The rest of the movie goes down familiar rom-com territory as the two men compete to be The Man and Bridget's career in a TV newsroom goes, like her, pear-shaped. It's all extremely predictable but again, as with the Carry-Ons, familiarity doesn't have to breed contempt and the sheer pace of this frantic comedy helps make it seem fresher and more fragrant than it actually is; there are several gags which seem not so much borrowed as stolen. The ending manages to deliver a small surprise which allows us to look forward to Bridget IV.

Renee Zellweger slips effortlessly back into the role of Bridget, perilously poised between very annoying and rather endearing. Emma Thompson and Patrick Dempsey are welcome additions to the cast. There's a great soundtrack and a pleasing cameo from Ed Sheeran. This has better performances and a better script than the big screen version of Absolutely Fabulous - and is a lot more fun.


Movies don't come much weirder than this! Paul Dano plays Hank, marooned on a desert island like Robinson Crusoe. His Man Friday is Manny (Daniel Radcliffe), a washed-up corpse whose spectacular flatulence propels Hank into an amazing odyssey. Despite being dead Manny has other gifts – for starters, he can talk - and he’s a great listener.
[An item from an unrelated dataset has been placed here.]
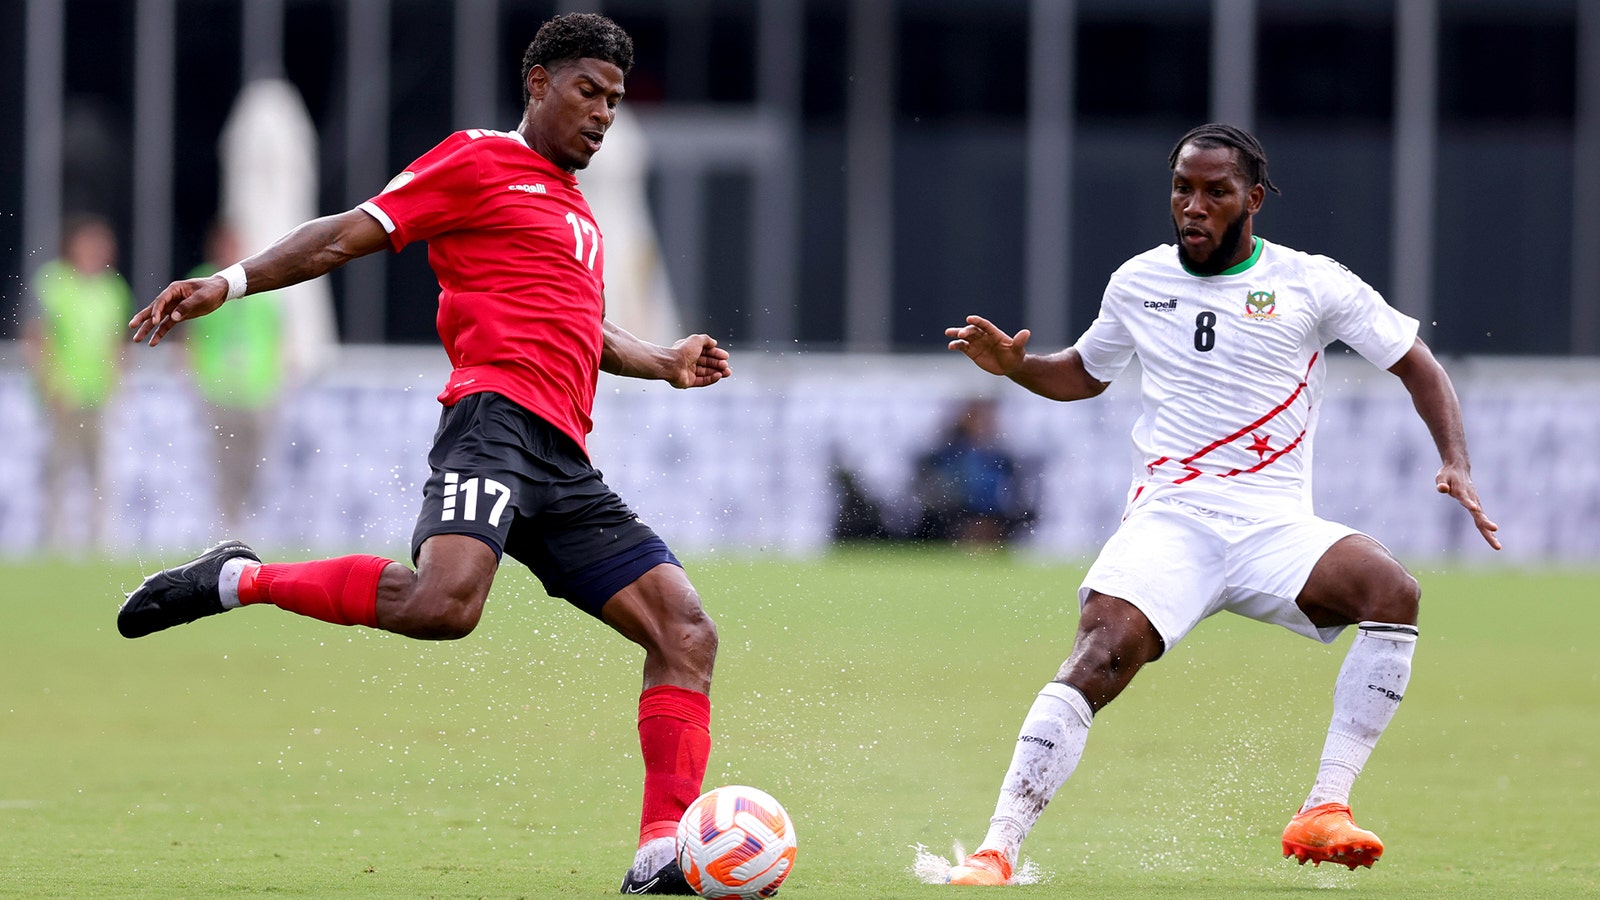 Trinidad and Tobago vs. St. Kitts and Nevis highlights

An unlikely friendship bonds the two of them together as they trek and scavenge their way back to civilization. Hank has a major crush on a girl he’s seen on his daily commute and she has a role to play in their bizarre adventure.
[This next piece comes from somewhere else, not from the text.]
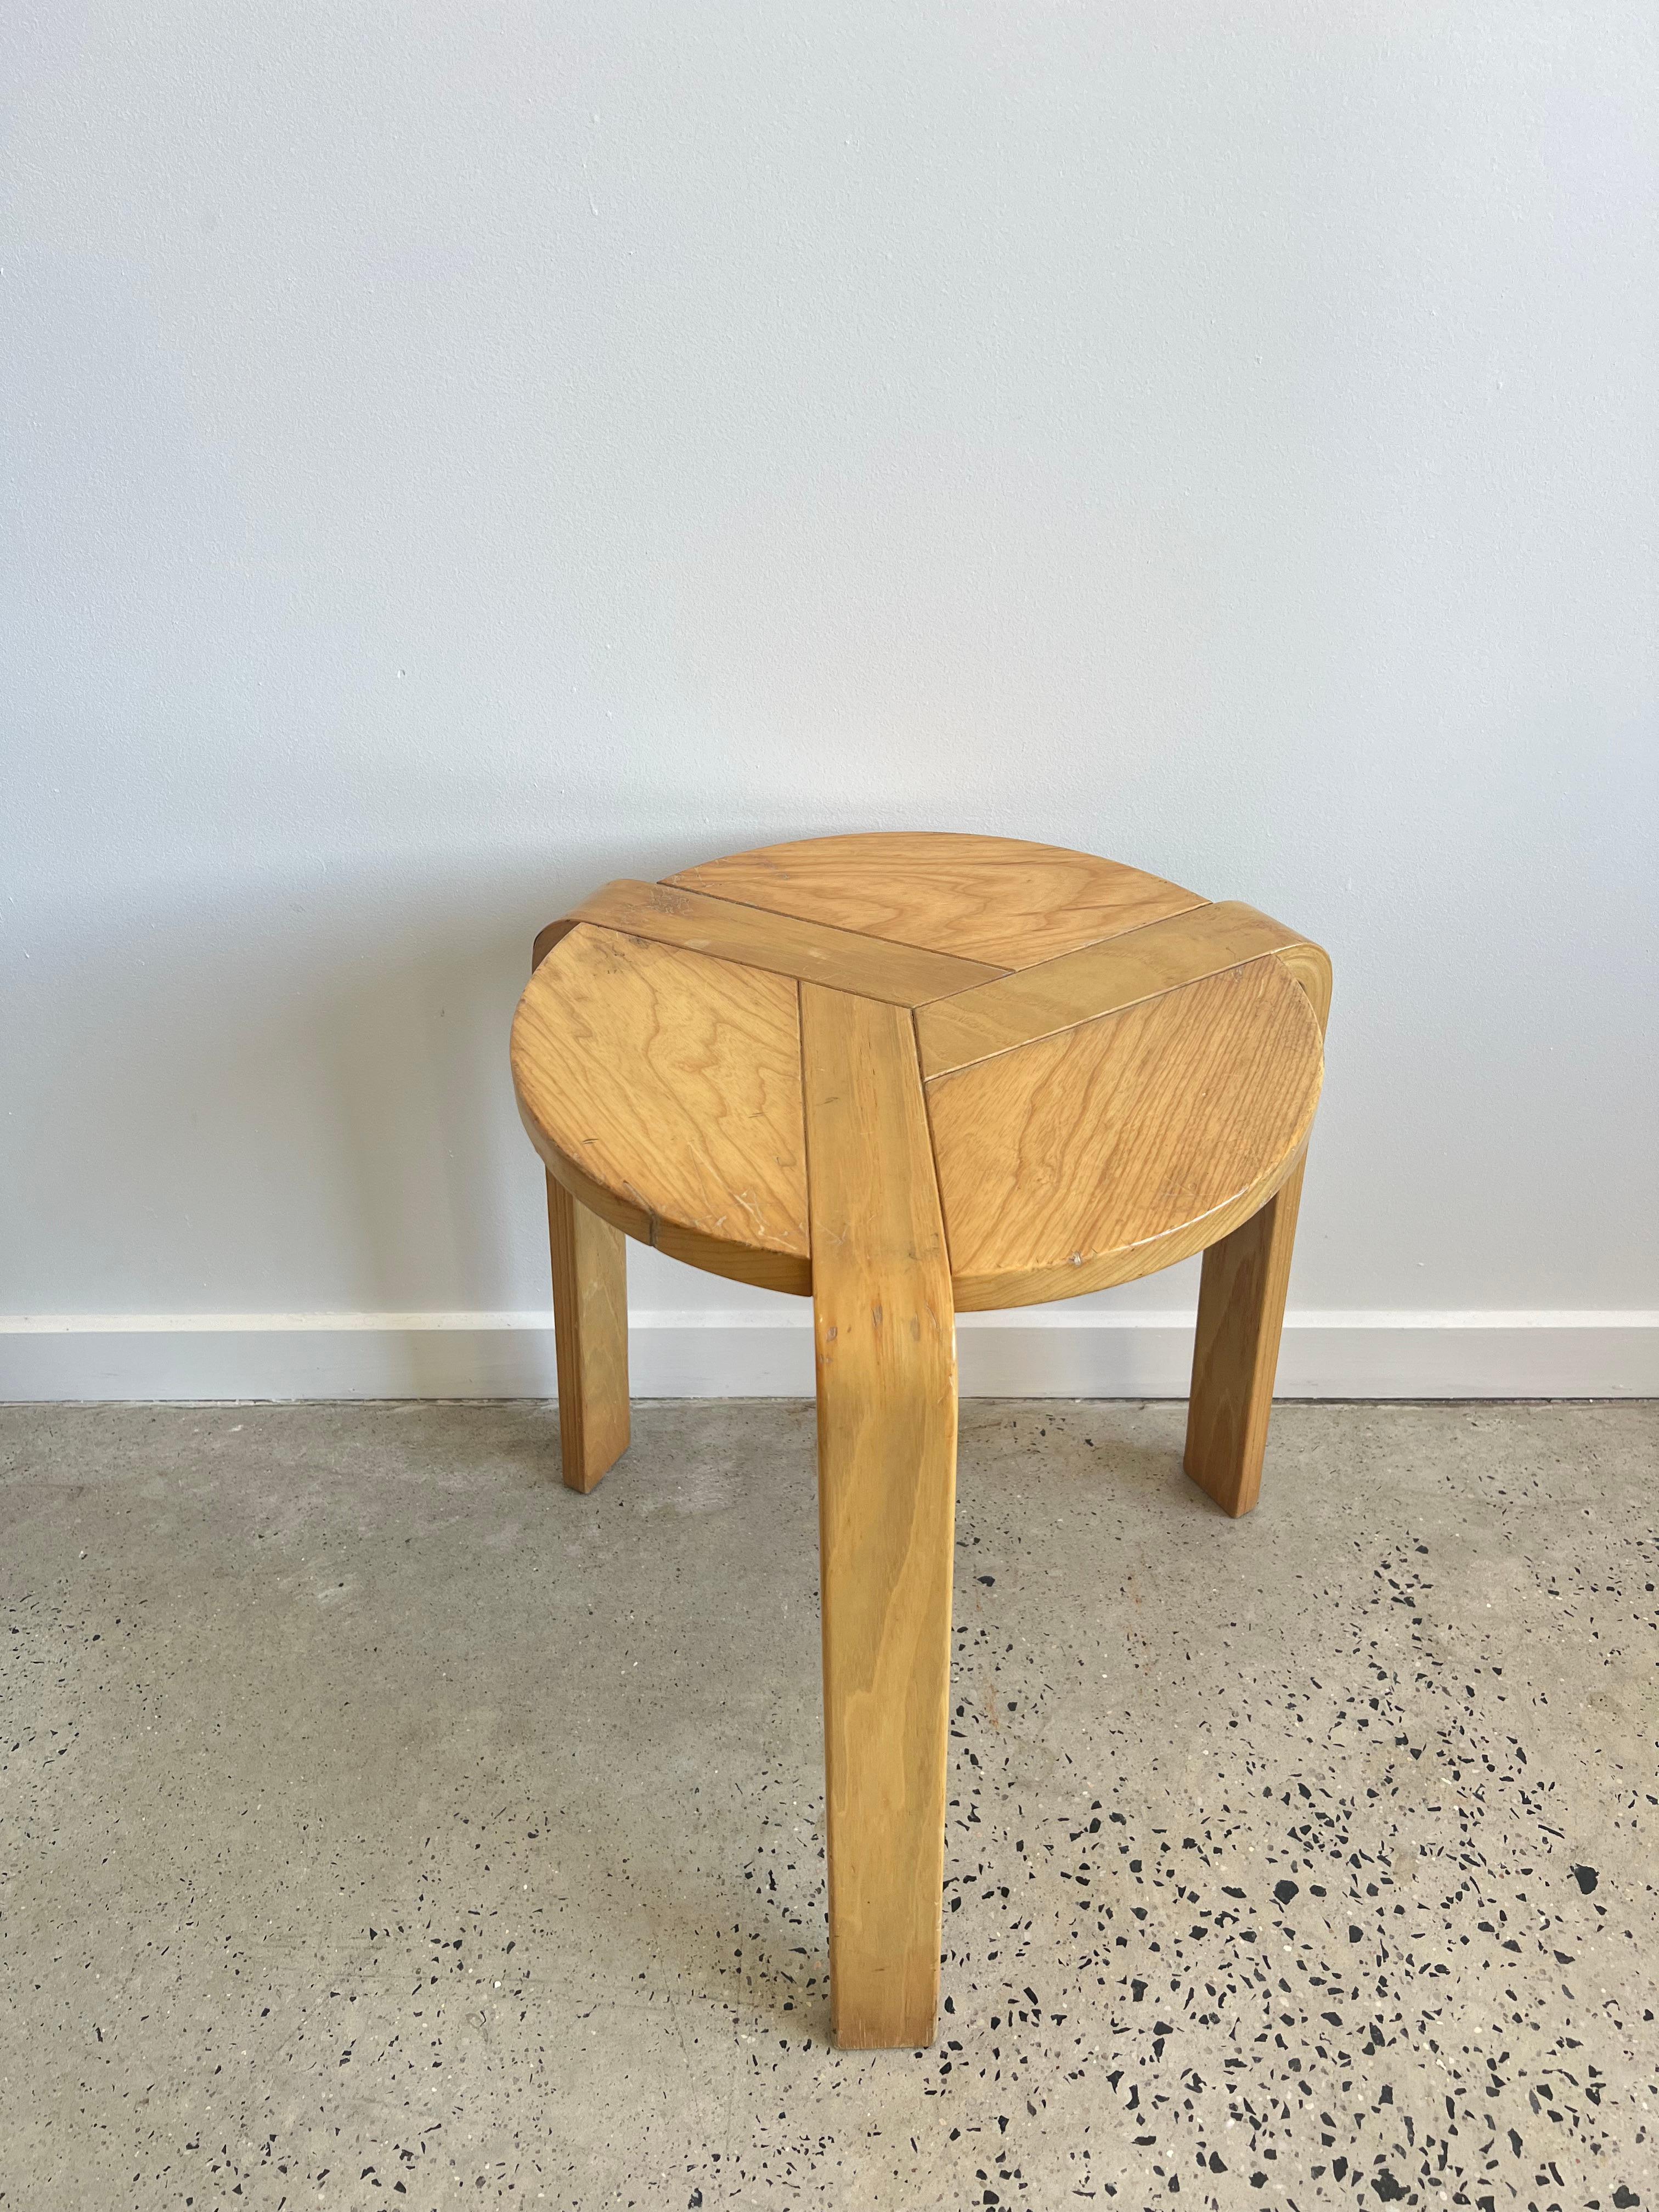 Hand-Carved Mid-Century Modern Italian Wood Stool by A.Simoni & G. Del Piero for Olive S.R.L For Sale

As ‘bromances’ go, this is at the far extreme of bizarre. Monty Python meets American Pie, with too many fart and ‘stiffie’ gags. Paul Dano’s Hank is the apotheosis of nerdiness (I thought him horribly miscast in the recent TV version of War and Peace), but here he manages to become sympathetic to the viewer as well as to Manny. Daniel Radcliffe has charm and a fair degree of charisma, even when playing a flatulent corpse; it’s safe to say he has laid Harry Potter to rest.